Lee Ha Lim, Kang Jihoon, Lim Junseop, Kim Seung Chan, Jeon Soon Ok, Lee Jun Yeob
School of Chemical Engineering, Sungkyunkwan University 2066, Seobu-ro, Jangan-gu, Suwon-si, Gyeonggi-do, 16419, Korea.
Samsung Advanced Institute of Technology, Samsung Electronics, 130 Samsung-ro, Suwon, Gyeonggi, 16678, Republic of Korea.
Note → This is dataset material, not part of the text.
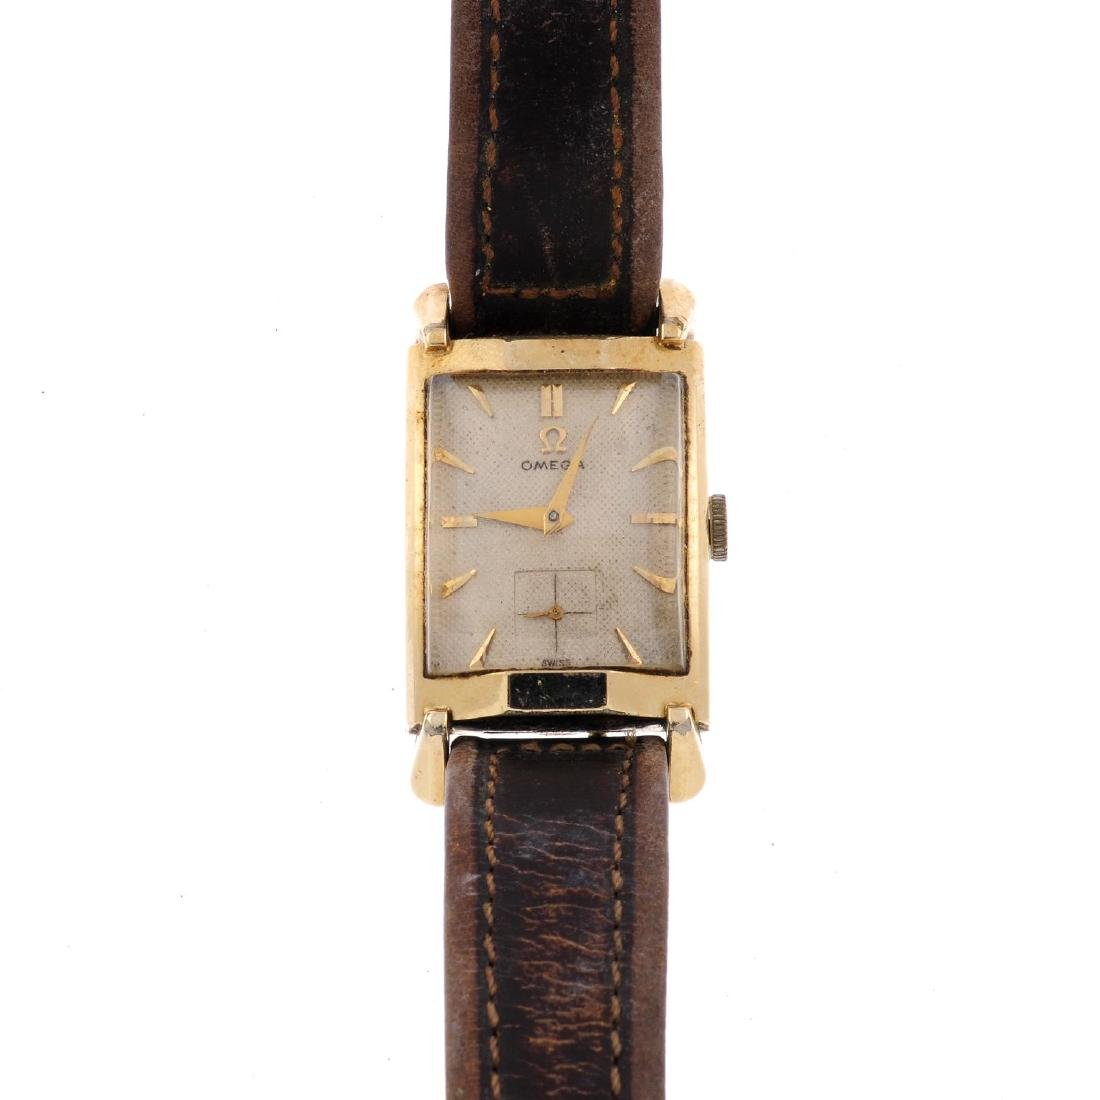 OMEGA - a gentleman's wrist watch. Rolled gold case.
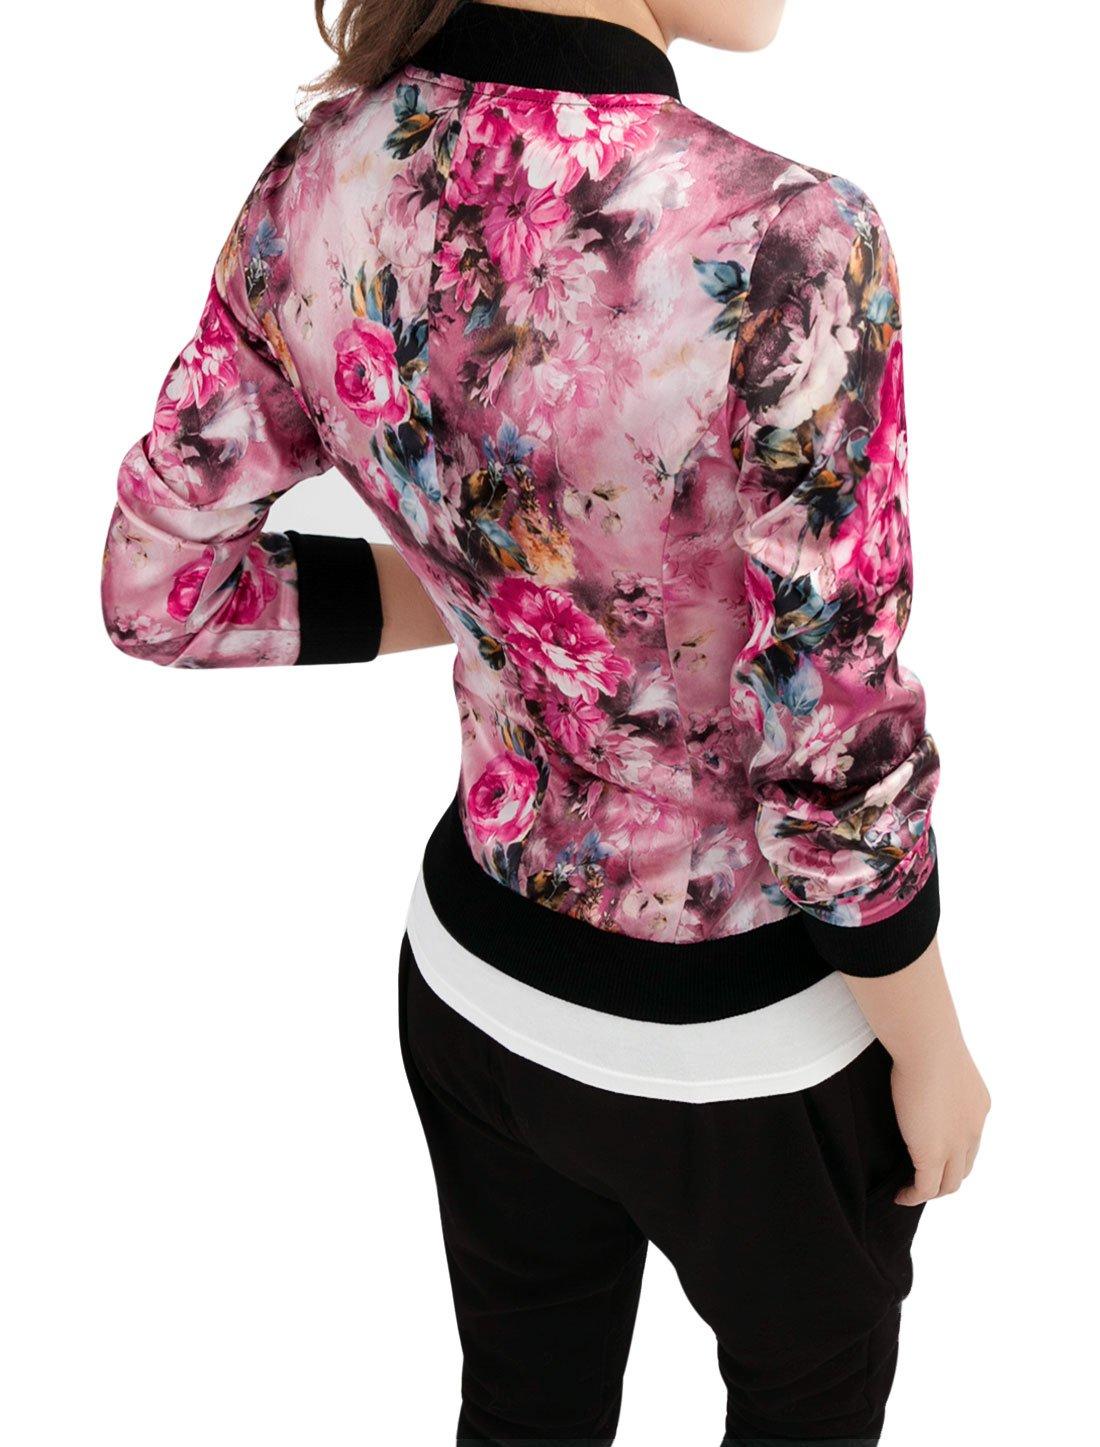 Allegra K Women's Long Sleeve Zip up Floral Print Casual Bomber Jacket Fuchsia S by Allegra K (Image #3)

Nat Commun. 2023 Aug 9;14(1):4818. doi: 10.1038/s41467-023-40481-w.
Multiple resonance (MR) thermally activated delayed fluorescence emitters have been actively studied as pure blue dopants for organic light-emitting diodes (OLEDs) because of excellent color purity and high efficiency. However, the reported MR emitter, 2,5,13,16-tetra-tert-butylindolo[3,2,1-jk]indolo[1',2',3':1,7]indolo[2,3-b]carbazole (tDIDCz) based on bis-fused indolocarbazole framework could not demonstrate efficient triplet-to-singlet spin crossover. In this work, we report two isomeric MR emitters designed to promote triplet exciton harvesting by reconstructing the electronic structure of tDIDCz. To manage excited states, strong electron donors were introduced at the 2,5-/1,6-position of tDIDCz. As a result, 2,5-positions managed tDIDCz shows long-range charge transfer characteristics while preserving the MR nature. Quantum chemical calculation demonstrates direct spin-orbit coupling by long-range charge transfer and spin-vibronic coupling assisted reverse intersystem crossing by short-range charge transfer simultaneously contribute to triplet-to-singlet spin crossover. Consequently, high performance blue OLED recorded a high external quantum efficiency of 30.8% at a color coordinate of (0.13, 0.13).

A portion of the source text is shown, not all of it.